Внимательно оглядев ворота, Нэш на одном из кирпичных столбов, на которых держались железные створы, обнаружил маленькую белую кнопку. Несложный расчет подсказывал, что в доме есть звонок, и Нэш надавил на нее кончиком указательного пальца. Не услышав в ответ ни звука, надавил еще раз — просто так, на всякий случай, чтобы проверить, доносится звонок до ворот или нет. Поцци от нетерпения хмурился, раздражался, Нэш стоял молча, вдыхая запахи мокрой земли и наслаждаясь стоявшей вокруг тишиной. Секунд через двадцать он заметил человека, который трусцой бежал к ним от дома. Разглядывая его приближавшуюся фигуру, Нэш решил, что он не похож ни на Флауэра, ни на Стоуна, по крайней мере на то, как их описывал Поцци. Человек был плотный, непонятного возраста, одетый в синие рабочие брюки и красную фланелевую рубашку, по которым Нэш определил в нем работника — может быть, садовника или сторожа. Человек заговорил с ними через прутья ворот, отдуваясь от бега.
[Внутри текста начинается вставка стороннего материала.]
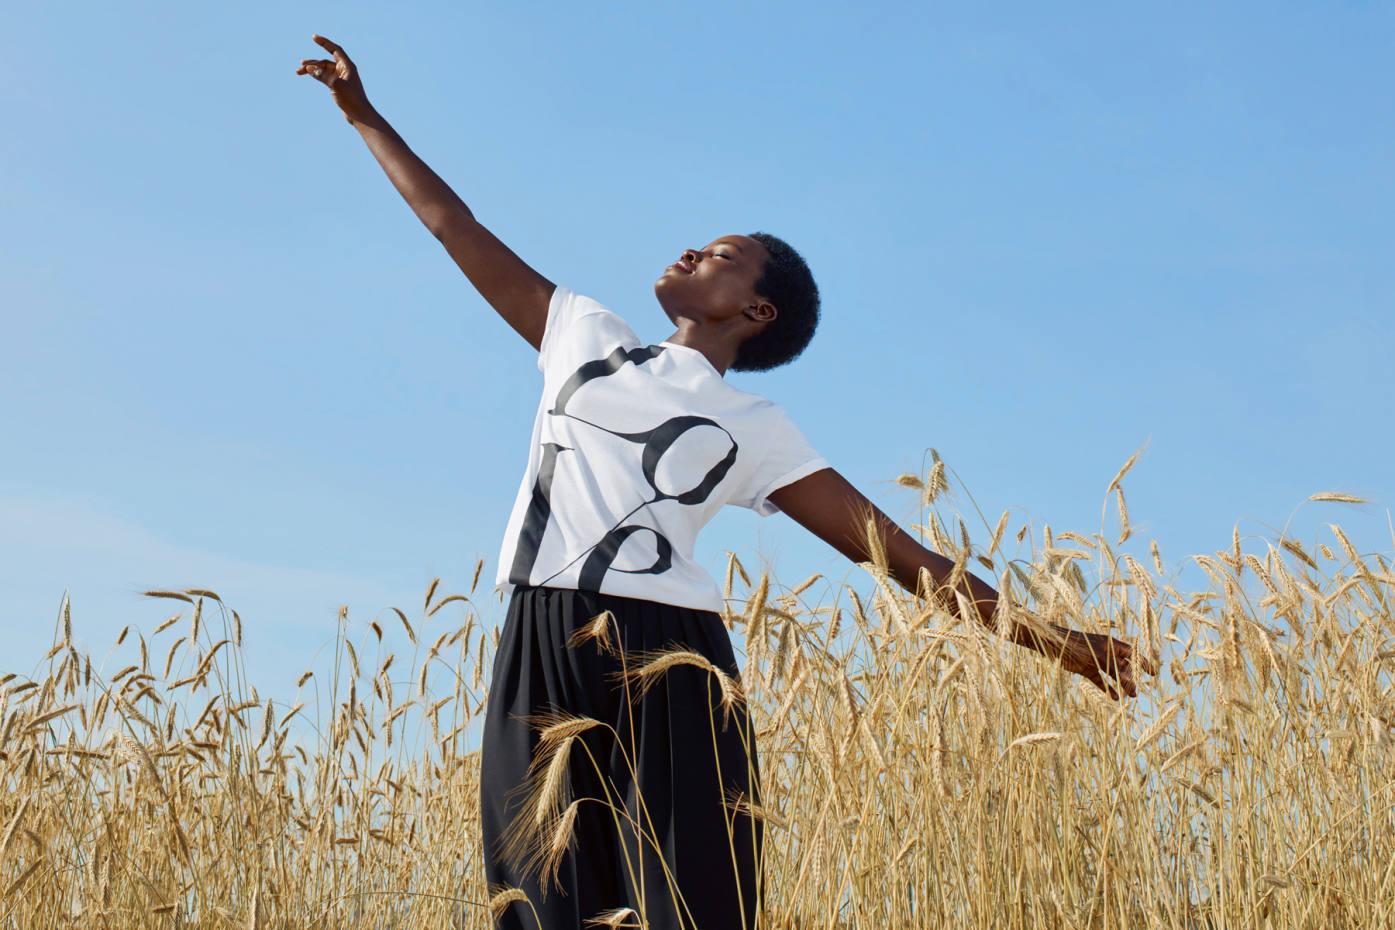 Michael Kors Love T-shirt, £30

— Чем могу помочь, ребята? — сказал он. Вопрос прозвучал нейтрально, ни дружески, ни враждебно, так, будто этот работник привык задавать его каждому, кто здесь появлялся. Вблизи глаза его удивили Нэша своей необычной, светлой голубизной, светлой до такой степени, что, когда на них падал свет, они казались почти прозрачными.
— Мы приехали к мистеру Флауэру, — сказал Поцци.
— Вы гости из Нью-Йорка? — сказал человек, глядя мимо них на «сааб», стоявший в грязи на дороге.
— Хорошо соображаешь, — сказал Поцци. — Те самые, из «Плаза-отеля».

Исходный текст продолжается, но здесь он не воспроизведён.